A consideration for all the above is that your xdata should be normalized so that mean =0 and std is constant for all data so that the scale of p1 and p2 is consistent (else certain terms will be chosen over the other just because the data has a larger range). Although all my xdata is normalized I am not sure if whatever earth exposes via the pipeline to ridge, elastic net or lasso is. Is it just fitted and before fitted data? or does it include hinges or something like that?

I find pipelines a bit hard to understand what is actually going on... many thanks

jcrudy commented 7 years ago

@Fish-Soup I'm not sure why the Elastic Net isn't behaving as expected. Perhaps the scikit-learn people can give you advice on that. In general, you can perform the steps of the Pipeline manually as follows (code untested):

model1 = Earth()
model1.fit(X, y)
model2 = StandardScaler()
model2.fit(model1.transform(X), y)
model3 = ElasticNet()
model3.fit(model2.transform(model1.transform(X)), y)
y_pred = model3.predict(model2.transform(model1.transform(X)))

That's really all it does. You can use this breakdown to debug your pipeline more easily.

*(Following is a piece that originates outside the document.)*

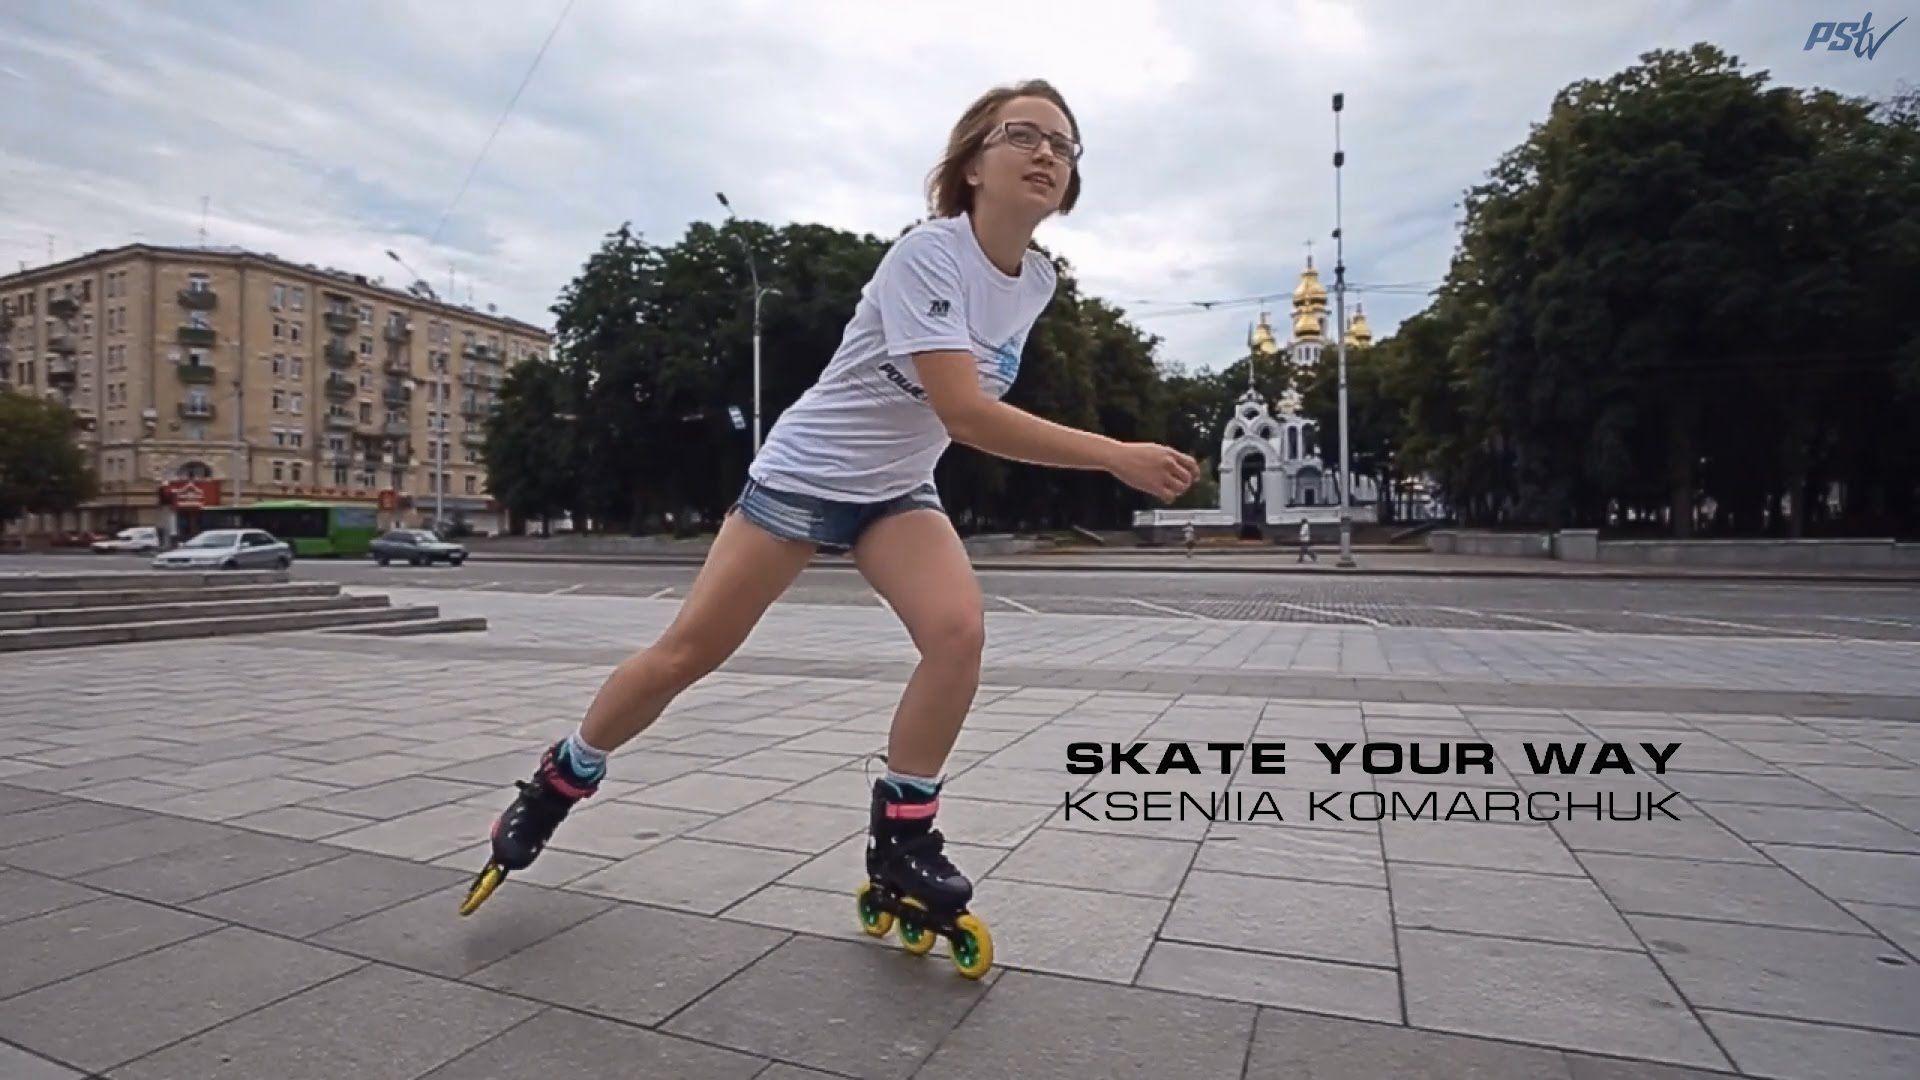 Skate Your Way Powerslide Inline Skates Kseniia Komarchuk Inline Skating Skate Inline

Fish-Soup commented 6 years ago

Cool sorry to take so long to reply. It appears that one of the columns generated in model1.transform(X) is a set of one's. Which obviously can't be normalised. This doesn't seem to make much sense to me now I'm putting it down in writing. I'll check again in the morning.

jcrudy commented 6 years ago

@Fish-Soup One of the out columns from an Earth model's transform method is a constant, representing the intercept term. If that's what's causing problems, you could add a stage to remove it, as it's unnecessary as an input to the ElasticNet.

Fish-Soup commented 6 years ago

so It turns out my mistake was assuming that the alpha parameter in elastic net was the same as the one in ridge regression. because of the way it's structured.

fitting mars net is twice as fast as mars in the case we know the hyperparameters. doing a grid search over 100 by 10 for the 2 hyper parameters results in consistent fits between approaches.

in the case where not much regularization is required Mars is faster. in the case where there is lots of regularization mars net is faster.

as I am updating my models daily I plan to store my hyper parameters and periodicly test them. thus mars net will be faster. I'm also tempted to not refit the mars component of mars bet every time. I'm which case it will be factors of 100 faster.